Amid alarming reports of depositors withdrawing their cash from Greek banks, the government decided it could ill afford a showdown with Mr Dart's hedge fund, Dart Management, and similar "vulture funds" who have purchased Greek debt and are threatening to sue if the interest payments are not made. Concerns over the state of the nation's banks have mounted as the odds of a disorderly Greek exit from the eurozone have shortened in recent days, and keeping the financial system sound will be the No 1 priority of Panagiotis Pikramenos, named caretaker Prime Minister after the collapse of coalition talks on Tuesday.
He is charged with steering Greece to new elections on 17 June without incident, although concerns over the risk of financial panic have risen since European political leaders began to speculate that Greece could leave the euro. Moreover, recent opinion polls suggest that anti-bailout parties – in particular the Syriza party led by Alexis Tsipras – could return with a bigger slice of the vote after the June elections.
This already complex picture is further complicated by the role of the vulture funds. Dart Management holds a significant portion of the roughly 5 per cent of Greek debt that was not subject to renegotiation under the terms of its bailout deal, and took a reported 90 per cent of the €436m paid by the Greek government to bondholders on Tuesday. While Mr Dart is still a board member of the family company, Dart Containers, which is America's largest producer of plastic cups, he has not lived in the country since 1994.

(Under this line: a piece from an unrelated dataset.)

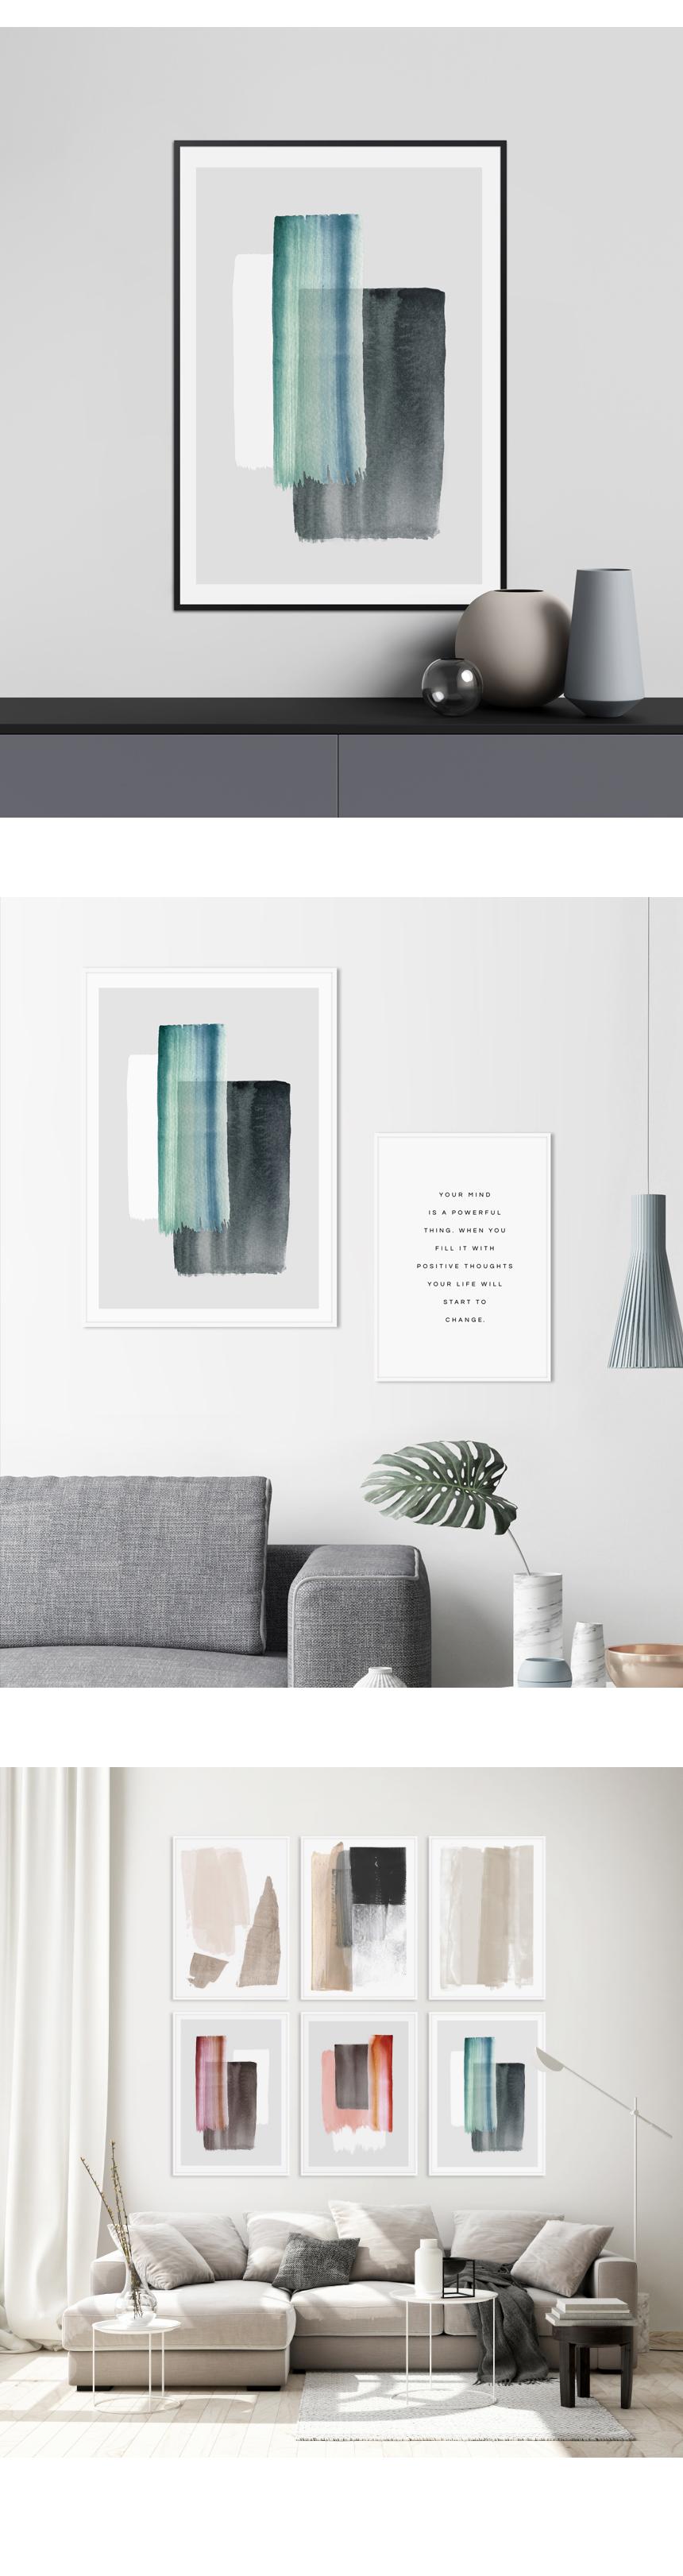 로얄블루 추상화 액자 인테리어 그림 50x70 포스터 (액자미포함)18,900원-위드포스터인테리어, 액자/홈갤러리, 홈갤러리, 팝아트바보사랑로얄블루 추상화 액자 인테리어 그림 50x70 포스터 (액자미포함)18,900원-위드포스터인테리어, 액자/홈갤러리, 홈갤러리, 팝아트바보사랑
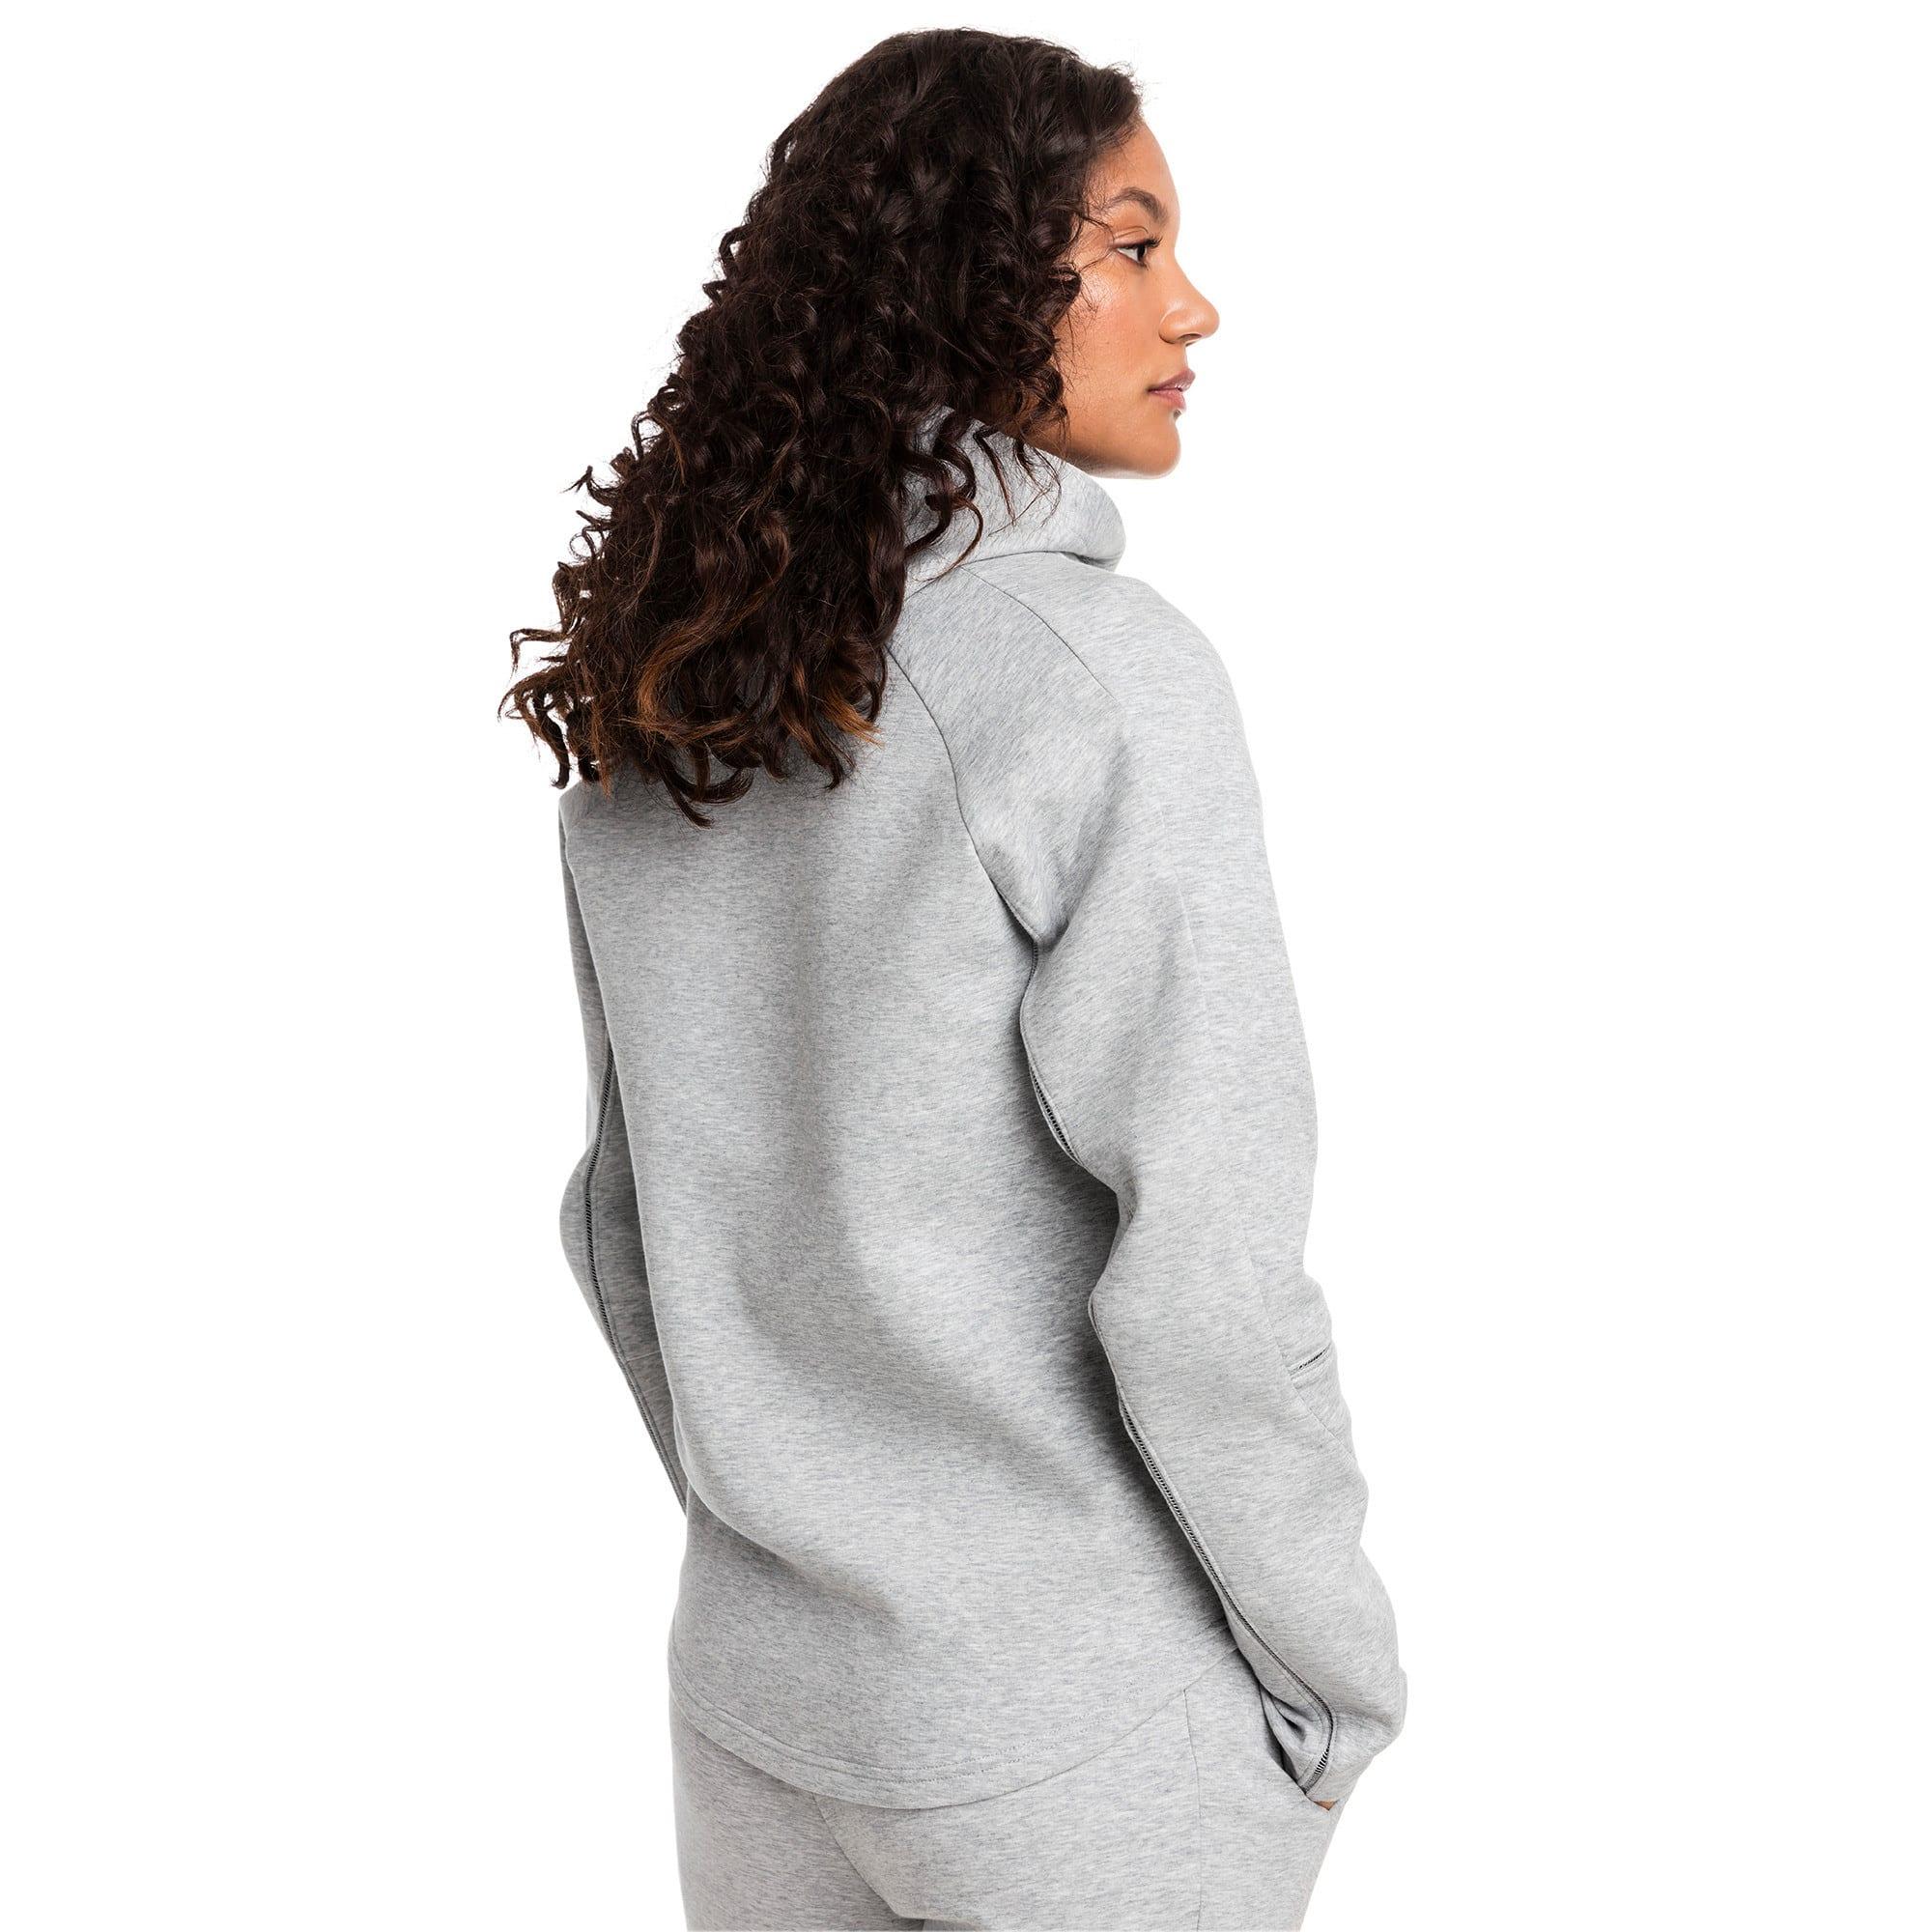 Thumbnail 2 van Evostripe Move hoodie met rits voor vrouwen, Light Gray Heather, medium

After decamping from the US on his 220ft yacht, he settled in the Cayman Islands, where he is a powerful real estate developer. Dart Management, along with another vulture fund Elliott Associates, is likely to have picked up Greek debt at a fraction of its value in the hope of being able to force the country into paying some or all of what it owes. The two firms are still suing Argentina in the US courts to demand full payment of bonds on which that government defaulted in 2002. Mr Dart first came to international attention in this sphere by pocketing an estimated $600m from putting pressure on the Brazilian government after its default in 1993.
Yesterday, the company refused to comment on what it called market rumours. The Greek government, meanwhile, said Tuesday's payments did not set a precedent that meant it would divert any more of its precious bailout cash to the vulture funds in future.
The threat of a legal battle that could tie up funds earmarked for Greece from European bailout coffers adds another concern to that stoked by news that more than €1bn has been withdrawn from Greek banks in two days by savers fearing financial chaos if the country returns to the drachma.
These worrying figures were not reflected in the streets of Athens, however. On Syntagma Square, no long queues had formed at cash machines.
"We can't all start panicking and running to the bank. The country will collapse if we do that, "said Marika Tilanogiannis, a mechanical engineer. "What little I have left, I leave for Greece."
Marika's brother didn't share her optimism – Giorgos had moved his savings to a bank abroad. But Marika's reasoning was echoed by experts who cautioned that politicians' pessimistic statements about the country's finances risked turning into a self-fulfilling prophecy.
"This entire situation has got my family extraordinarily worried about our savings, in case we return to the drachma," said Yannis Paleologos, a 40-year-old pharmacist. "We have a considerable amount of money and we're scared to lose it." Mr Paleologos was about to go to a bank to discuss how to preserve his deposits in case of an exit from the single currency union.